◆ SUPPLIED INFORMATION:
....
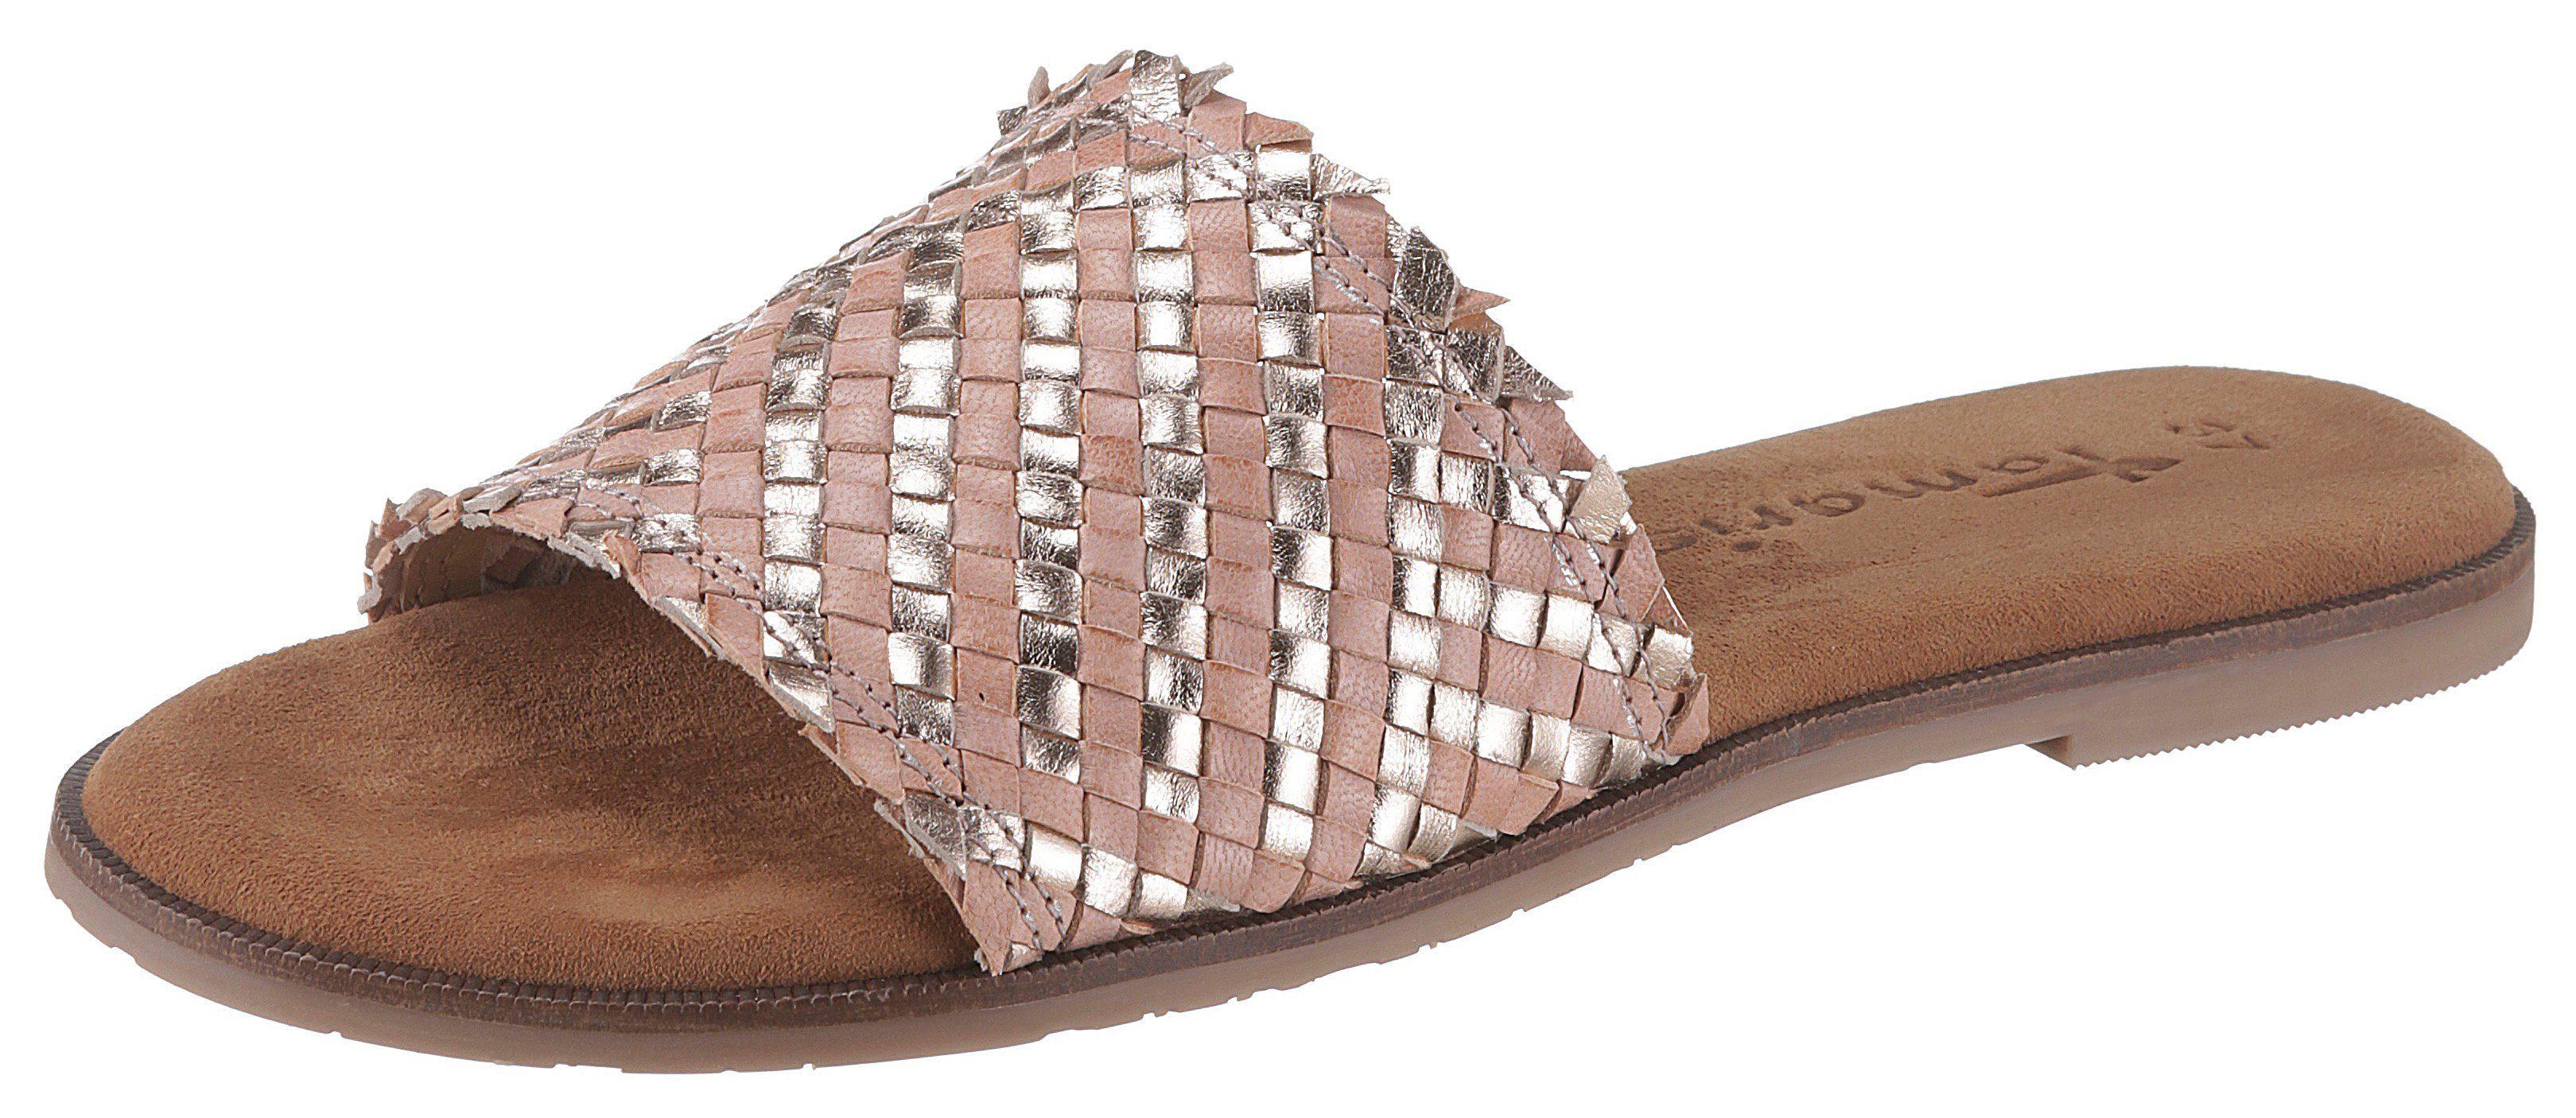 Tamaris »Crusy« Pantolette mit breiter Bandage | OTTO
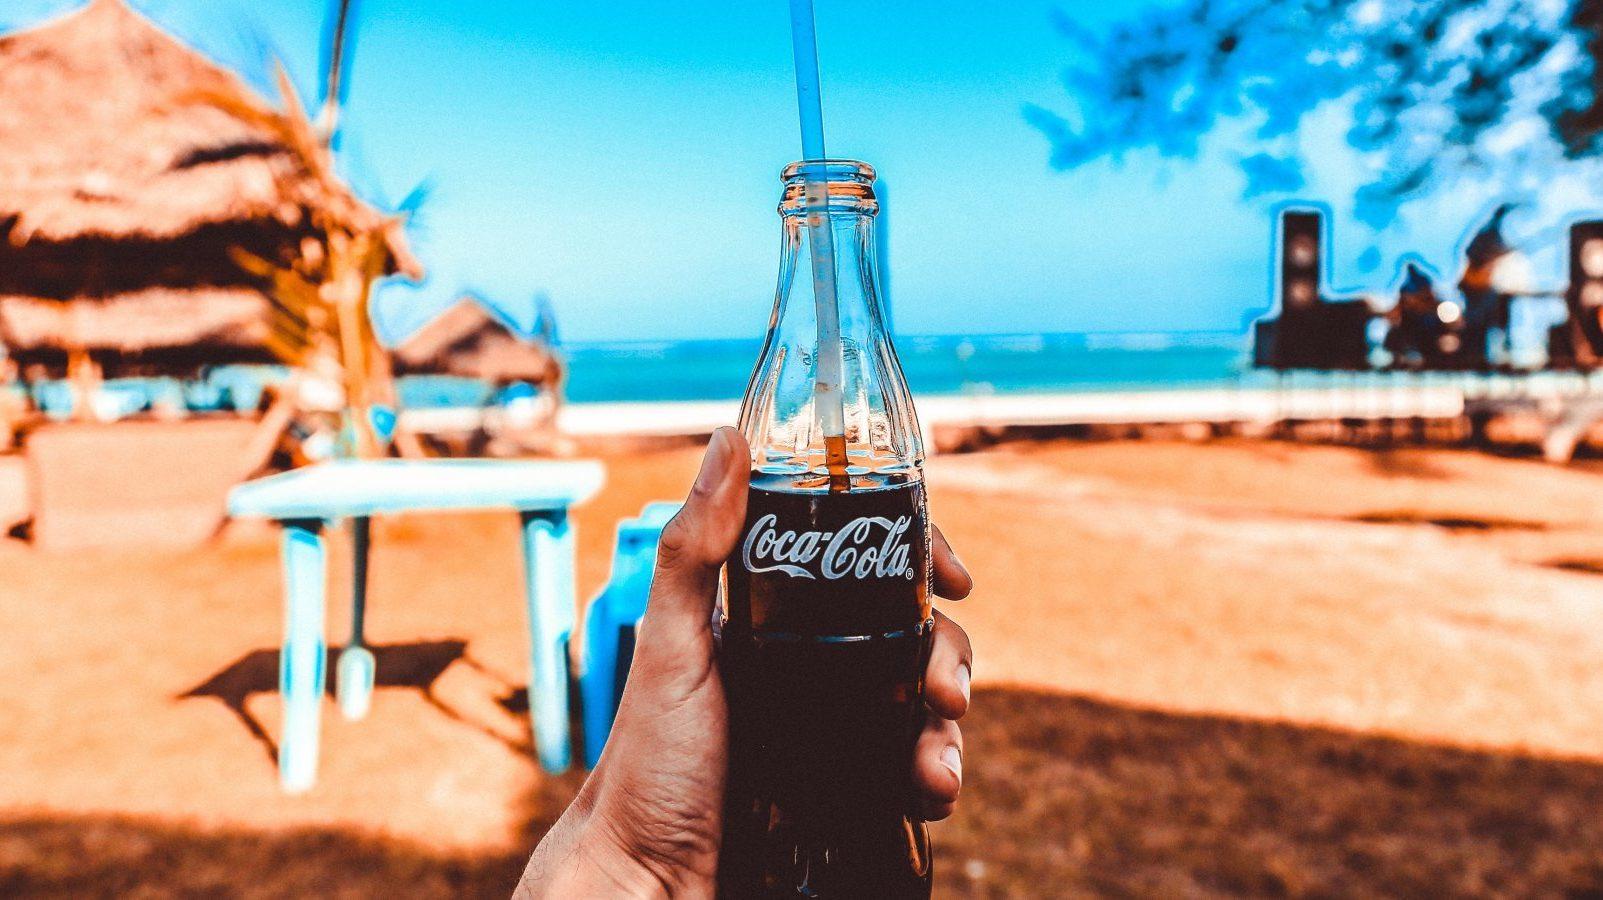 Coca Cola: Από κλειδωμένη συνταγή σε θυρίδα στα 2 δις. προϊόντα την ημέρα
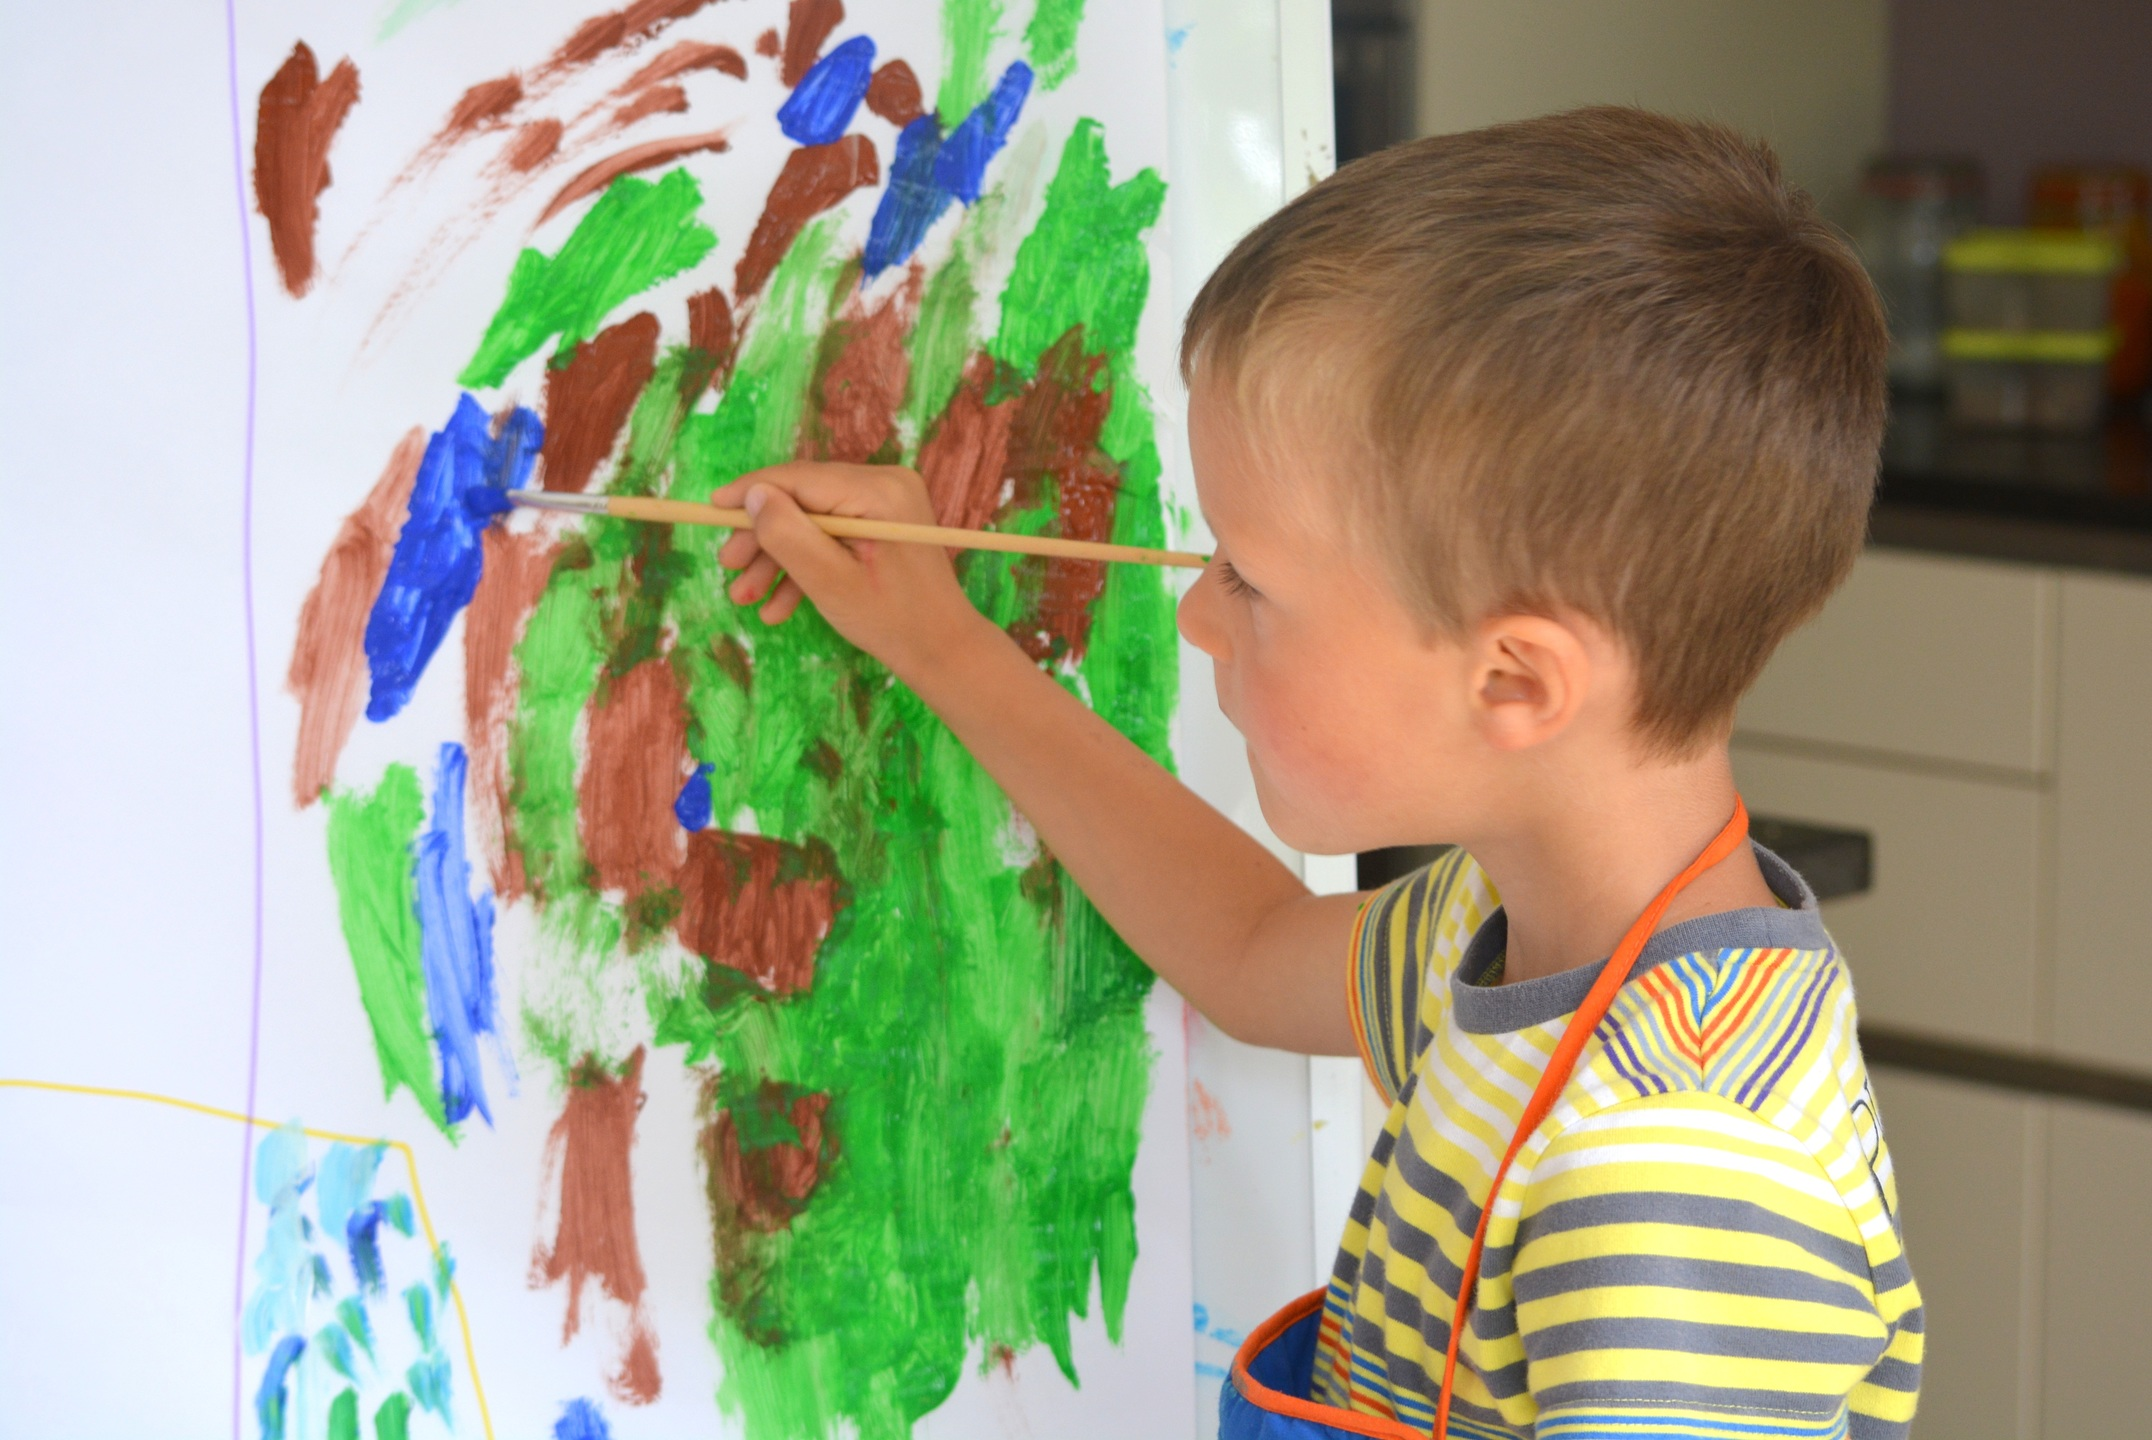 people-play-boy-brush-color-artist-1099898-pxhere.com (2).jpg
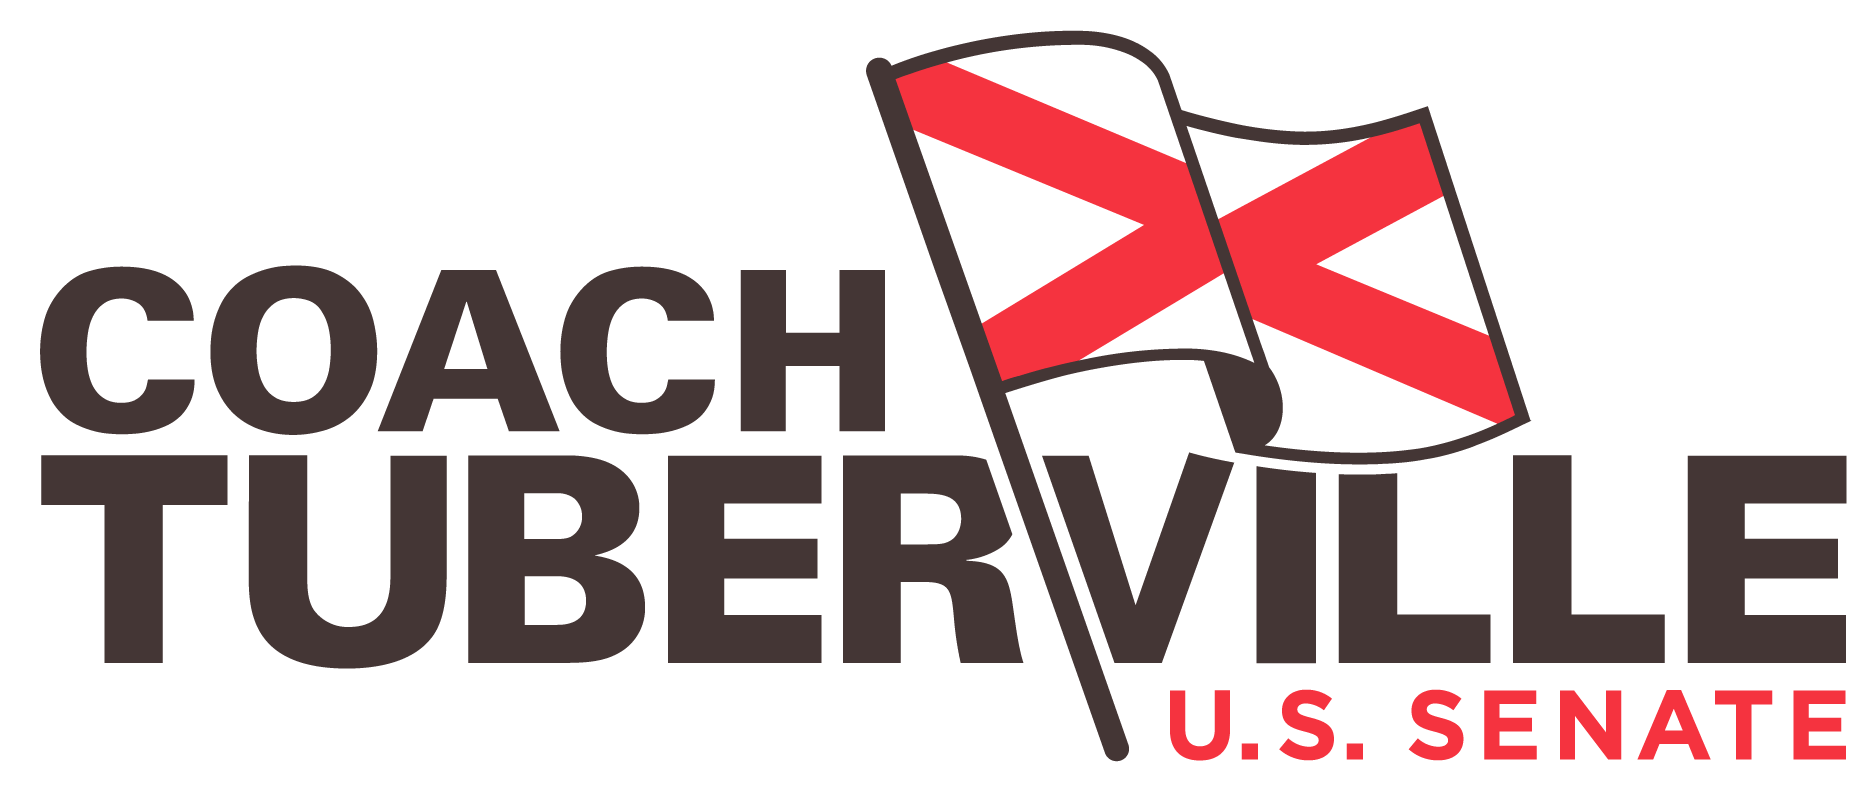 Coachtuberville logo fullcolor
....
◆ ABOUT THIS EXERCISE: Word for word, return the material, omitting the pictures.

◆ YOUR SOLUTION:
 Tamaris »Crusy« Pantolette mit breiter Bandage | OTTO
 Coca Cola: Από κλειδωμένη συνταγή σε θυρίδα στα 2 δις. προϊόντα την ημέρα
 people-play-boy-brush-color-artist-1099898-pxhere.com (2).jpg
 Coachtuberville logo fullcolor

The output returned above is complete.